Meat Preservation: The Lost Ways of Curing and Smoking

Categories: Cooking

In the age of the Internet and microwaves, we tend to expect ease and instant gratification to be a perpetual way of life. We can buy a hundred pounds of meat, stick it in the freezer and eat off of it for a year without any special preparations or considerations made.

But what if the time comes when our modern conveniences are no longer available? Who among us could say that in the event of a catastrophe, we would be able to do what is necessary to maintain a hearty stock of food for ourselves and our families? Look ahead to a future in which unpredictable electrical blackouts make refrigeration impossible and the inflated prices of commodities make them unaffordable.

Before refrigeration people relied on salt and smoke to preserve their meat. Most people lived on family farms and the “smoke house” was as familiar as the outhouse. Refrigeration changed the way we did a lot of things, but one thing it did not change was our taste for the flavor of smoked meat.

Consequently, smokers are readily available today and recipes abound, including those for smoking your meat in your backyard grill. But one thing that nearly all of these recipes have in common is: the meat is cooked and so the end product will require refrigeration.

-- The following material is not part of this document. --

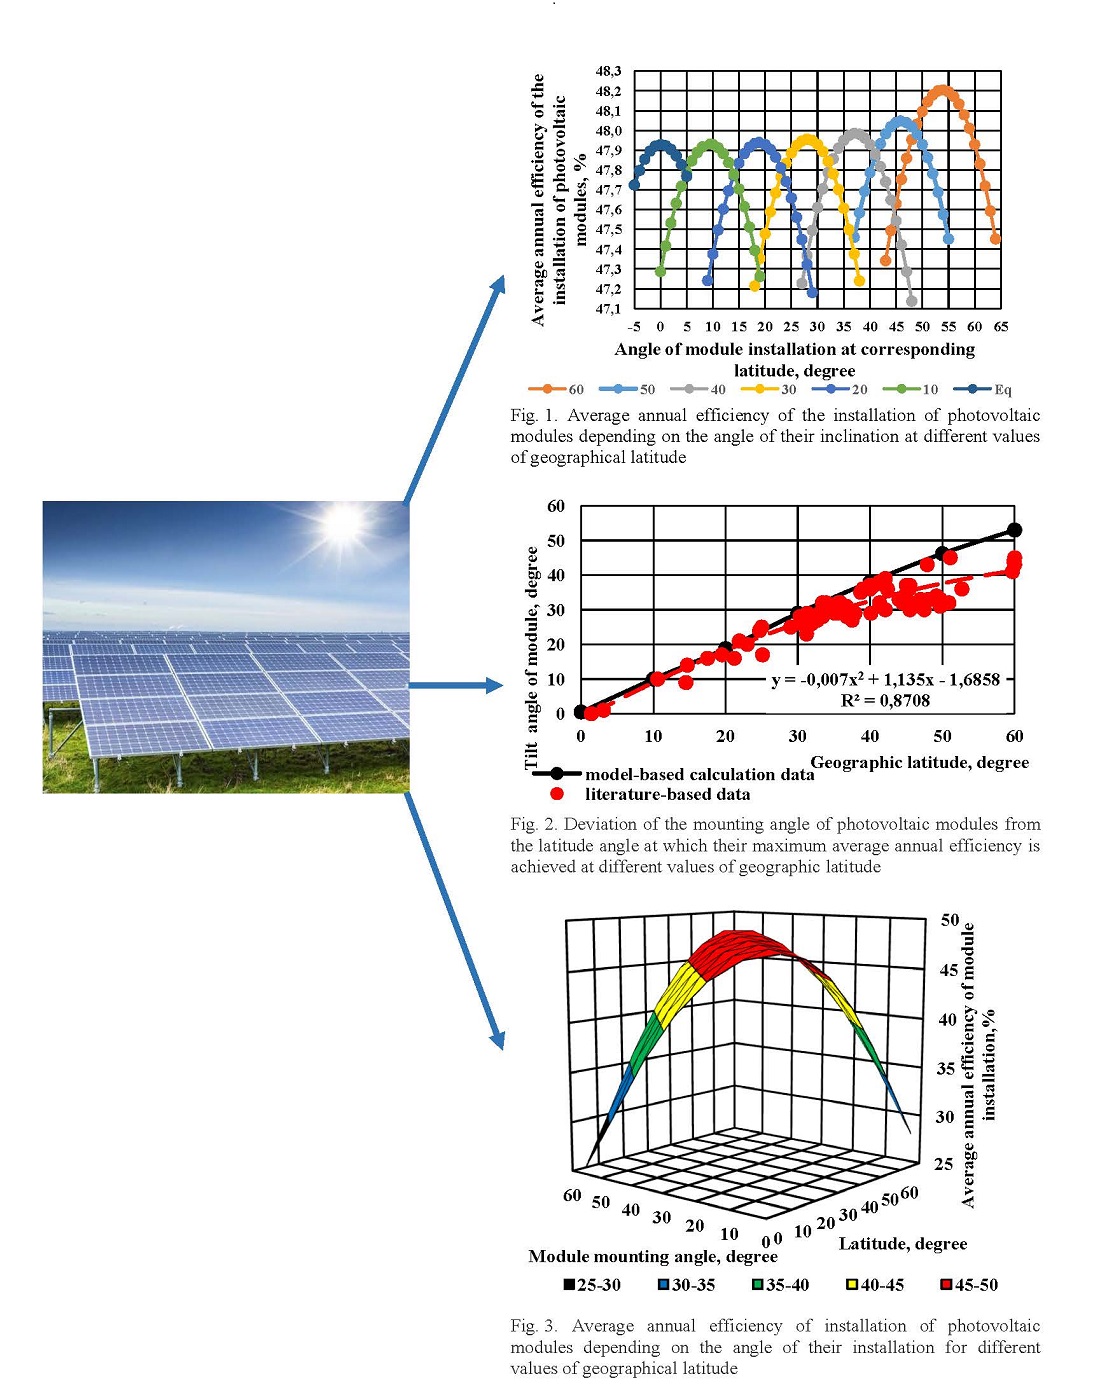 Determining the influence of mounting angle on the average annual efficiency of fixed solar photovoltaic modules

To preserve meat that will not require refrigeration a process known as Hard Smoking is required. Hard smoked meat is similar to jerky. It contains a lot of salt, and it is smoked at a low temperature until there is very little moisture left in it. It is kind of like the dehydration method used for fruits and vegetables, but done with smoke and the addition of salt and usually other spices as well. The salt helps preserve the meat by inhibiting the growth of microorganisms. Sometimes the meat is so salty that you may even want to soak it for a few hours before eating it to remove some of the salt. (People used to save this water and reclaim the salt by allowing the water to evaporate.)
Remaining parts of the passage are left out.